Friday, September 24, 2010

The Inner Workings Of Me... and a funny

So.. I think if people could hear the inner workings of my mind, their brains would explode... The only time I seem to have a rational progression of thoughts is when I'm writing, or in an extreme rage. That's when I'm focused. The rest of the time, my thoughts are snowball of random thoughts, worries, and second-guesses. Trust me, I hate it.. I'd change it if I could.. sometimes, the progression is so quick that I have a hard time getting my thoughts out in conversation. One thought leads to another. I wonder if I understood the other person's meaning. Will my answer be understood? Am I saying this right? Am I going to offend? Is this really what I mean? What were we talking about?

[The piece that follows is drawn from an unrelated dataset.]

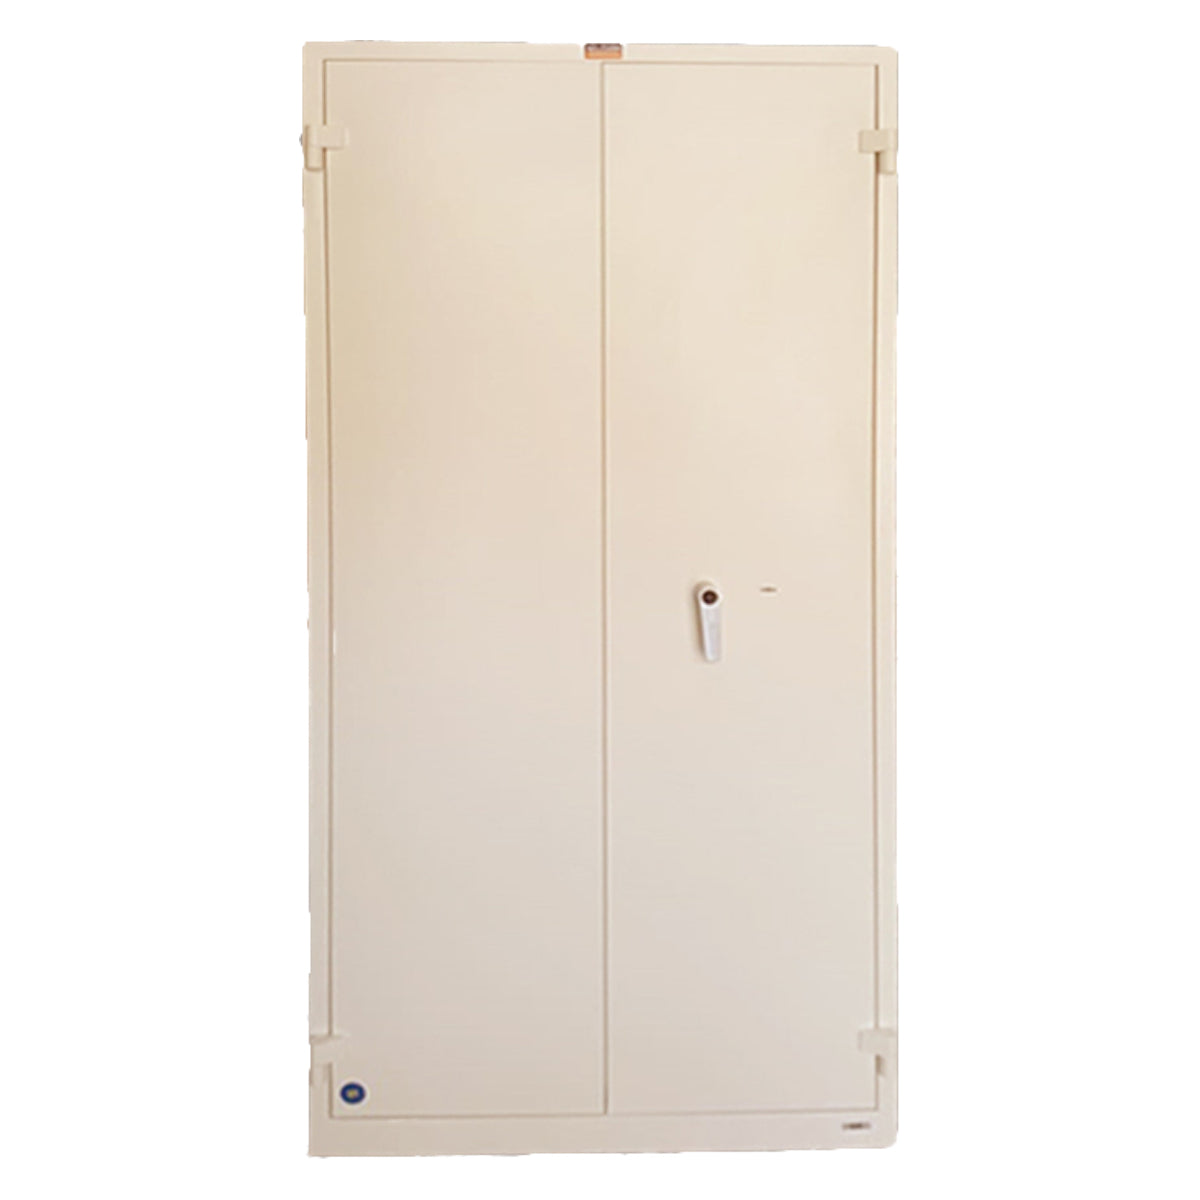 Valberg BM 1993 KL Fire Resistant Safe Cabinet, White

Every morning when I take my birth control... I remember a similar morning a few months ago when I'd stayed the night at my mom's.

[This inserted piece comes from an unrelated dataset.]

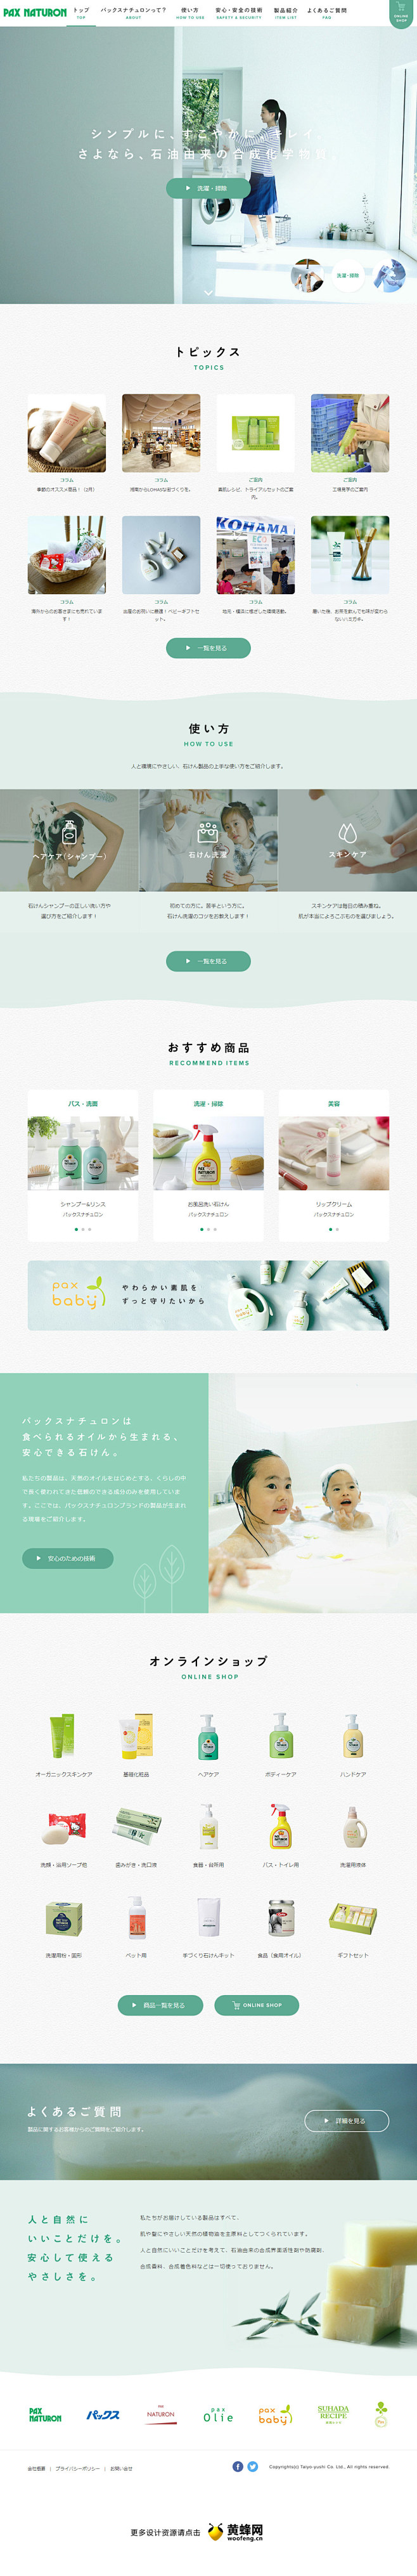 太阳油脂品牌官方网站  |  网页设计 ...

She saw me taking my birth control and asked the simple question, "Is it working for you?"

My first thought.. "Well, I'm not pregnant."
Then, "Why would I still be taking it if I were pregnant." "You can't 'undo' it." "She doesn't think that I wouldn't tell her if I were pregnant, does she?" "Is she trying to say that she thinks I shouldn't be having sex, is she?" "No, she'd never think that. I have a progressive mother." "If anything, she'd tell me I need to have MORE." "Hell, I'd love to have more..." "More would be nice." "I don't think you can ever have too much sex." "Well, maybe too much at once...but not in general."

Then I realize my mom is still looking at me expectantly and I've been looking at her like a confused puppy dog. I look at my birth control, then back at her... and it clicks.... she's talking about my complexion.

Duh!

"Uhhh, yeah.... seems to be, I guess."

3 comments:

Cele said...

I think the though progression/regression/confusion is hereditary. The question, I've been pondering this, and I think I was referring to your endometriosis (sp?). I think I was wondering if it helped your horrendous cramps.

Unknown said...

Ohhhhh having a baby cured that!

Unknown said...

I'm glad to know I'm not the only one whose brain works like that.